The body maintains a library of antibody "blueprints" so that the next time it is exposed to a threat, it can use the B-cell blueprint to rapidly produce large quantities of a specific antibody. This means that the population of mature B-cells is normally diverse (polyclonal) with small amounts of many different kinds of antibodies and temporary increases in specific antibodies as needed to counter an exposure. In this setting, B-cell expansions are polyclonal, with each clone containing relatively few cells and no one clone predominating.
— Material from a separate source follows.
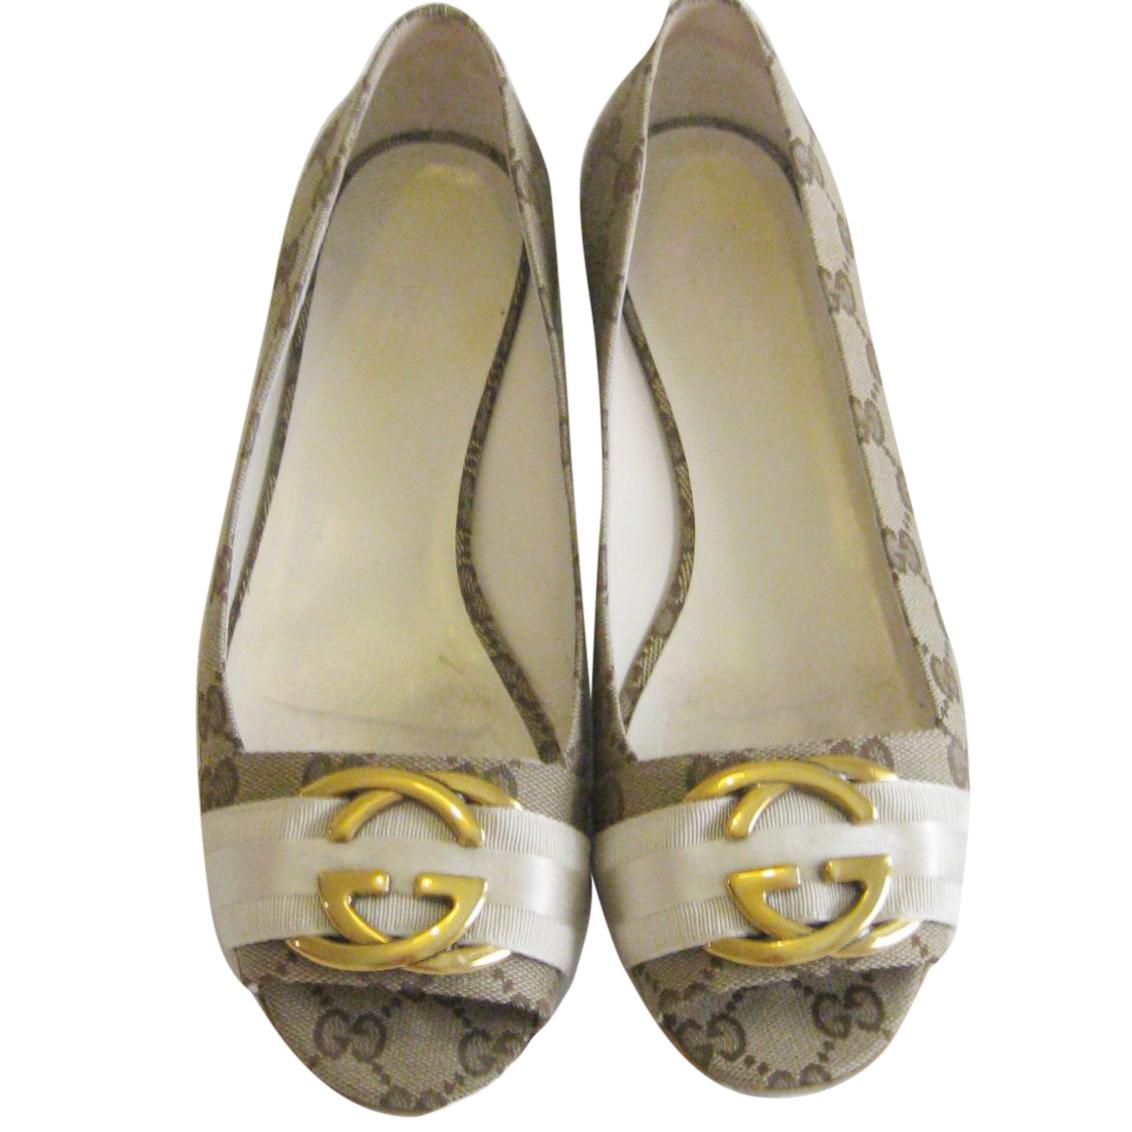 Gucci Monogram Ribbon Peep Toe Ballet Flats

With a B-cell lymphoma, an abnormal B-cell is formed and begins to clone itself. The identical, cloned (monoclonal) cells do not function normally, their replication is not controlled by the immune system, and they may not die as normal cells do. A cancerous monoclonal population of B-cells accumulates, begins to crowd out normal cells, and may eventually spread through the lymphatic system and blood to other lymph nodes or tissue, including bone marrow.

All of the monoclonal B-cells produced will have an identical immunoglobulin gene rearrangement profile. The neoplastic clones are generally large, and therefore the clonal cells are the predominant B-cells present in involved tissue (e.g., lymph node, bone marrow, blood, body fluid). Detection of a predominant immunoglobulin gene rearrangement profile often indicates the presence of a neoplastic B-cell population. This can help establish the diagnosis of a B-cell lymphoma or evaluate for residual or recurrent disease after treatment.